Notifications are a visibility primitive, not a control-flow primitive. They do not block, do not wait for an ack, and do not gate routing. If a decision needs to flow back into the workflow, use human_gate.

YAML surface

workflow:
  notifications:
    namespace: polyphony.feature_pr   # defaults to slugified workflow name
    correlation: [apex_id]            # inherited by sub-workflows
    types:
      pr_ready:
        version: 1
        payload:
          pr_url: { type: string }
          pr_id:  { type: number }

agents:
  - name: announce_ready
    type: notification
    notification: pr_ready
    payload:
      pr_url: "{{ open_pr.output.url }}"
      pr_id:  "{{ open_pr.output.id }}"
    routes:
      - to: next_step       # emission is independent of routing

Envelope shape

  • emission_id = <run_id>:<dotted_step_path>:<iteration> — stable across resume/replay so the first downstream consumer can dedupe.
  • schema_id = <namespace>.<type>@<version> — consumers MUST pin on this, not on notification_type alone.
  • correlation — first-class field; auto-merged from declared keys and inherited from the parent workflow (parent wins on collision so the upstream trail survives deep nesting).
  • payload — Jinja2-rendered then type-validated against the declared OutputField schema.

Delivery (v1)

Every emission flows through WorkflowEventEmitter and is written by NotificationLogSubscriber to a dedicated …notifications.jsonl file next to the existing event log (path printed at end-of-run).

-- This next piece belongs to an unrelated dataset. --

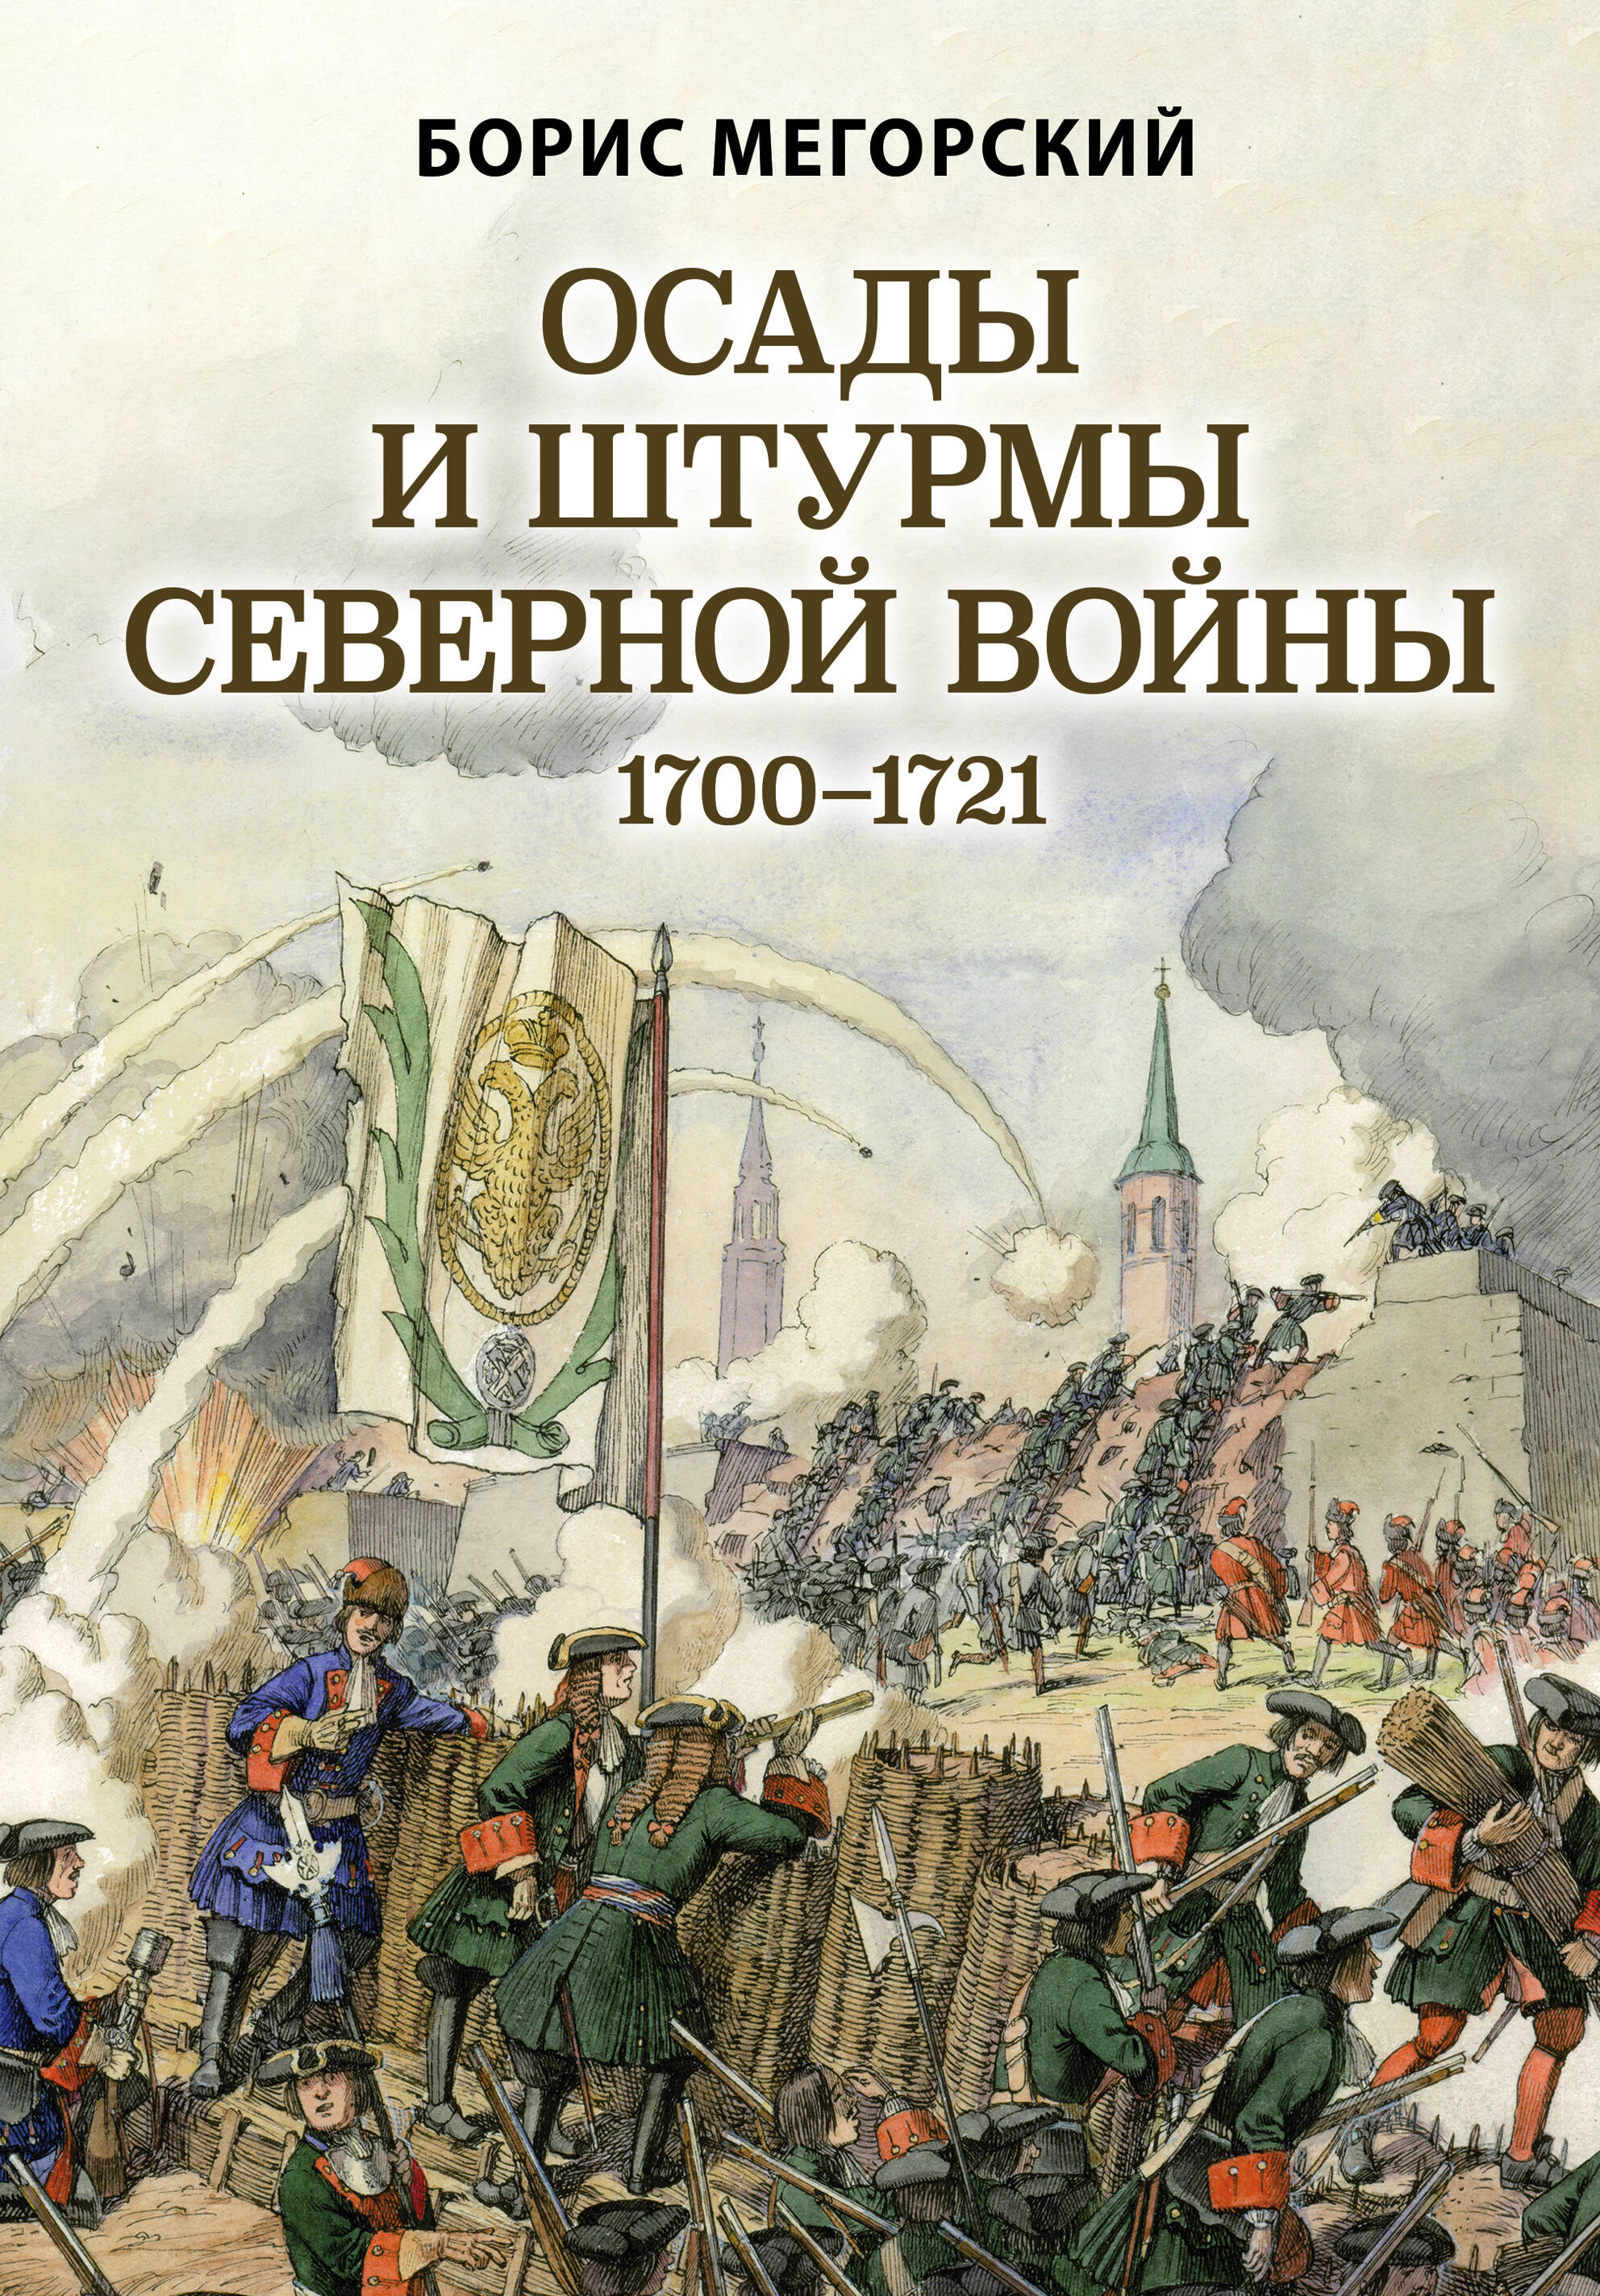 Мегорский Борис - Осады и штурмы Северной войны 1700-1721 гг.

No webhooks, shell hooks, or model-driven emission in v1.

What's in this PR

  • src/conductor/config/schema.pyNotificationsConfig + NotificationTypeDef; notification and payload fields on AgentDef; strict positive/negative validators.
  • src/conductor/config/validator.py — cross-references undeclared types, payload field mismatches, unknown correlation keys.
  • src/conductor/executor/notification.py — pure envelope builder (rendering, coercion, type validation, emission-id construction).
  • src/conductor/engine/workflow.py — dispatch branch + correlation snapshot inherited into sub-workflows.
  • src/conductor/engine/event_log.pyNotificationLogSubscriber filters to notification events only.
  • src/conductor/cli/run.py — wires the subscriber in both run and resume paths.
  • examples/notifications.yaml — runnable example with namespace, correlation, mid-workflow emission.
  • AGENTS.md — full design + schema-version-bump policy + "visibility not control flow" callout.
  • Tests: tests/test_config/test_notifications.py + tests/test_executor/test_notification.py (18 focused tests).

Schema-version-bump policy (documented, not enforced)

  • Adding an optional field is non-breaking — do not bump version.
  • Removing/renaming a field, changing a field's type, or making an optional field required is breaking — bump version and emit under the new schema_id.
  • During a transition a workflow MAY emit both pr_ready@1 and pr_ready@2 from adjacent steps.
  • Consumers MUST pin on schema_id.

Validation

Undeclared type, payload field mismatch, unknown correlation key, or a type mismatch on a rendered value all fail the workflow loudly with ValidationError. The contract is the whole point.

Testing

  • uv run ruff check — clean
  • uv run ruff format --check — clean
  • uv run pytest tests/test_config tests/test_executor tests/test_engine tests/test_cli -m "not performance" — 1692 passed, 5 skipped
  • uv run conductor validate examples/notifications.yaml — clean
  • All other examples/*.yaml still validate clean.

Deliberately deferred

  • Edge-attached notifications (notify: on RouteDef) — possible v1.5 sugar reusing the same envelope.
  • Webhooks / shell hooks for delivery.
  • MCP tool for model-driven emission.
  • Ack / response semantics (use human_gate instead).

…ification)

Introduces a new `type: notification` step that lets workflow authors
publish typed, declared *domain events* to a dedicated JSONL stream for
external tooling to hook off. Distinct from execution events
(`agent_started`, `route_evaluated`, ...): execution events describe
what the runtime is doing; notifications describe what the workflow is
asserting to the outside world.

Notifications are a visibility primitive, not a control-flow primitive.
They do not block, do not wait for an ack, and do not gate routing. If a
decision needs to flow back into the workflow, use `human_gate`.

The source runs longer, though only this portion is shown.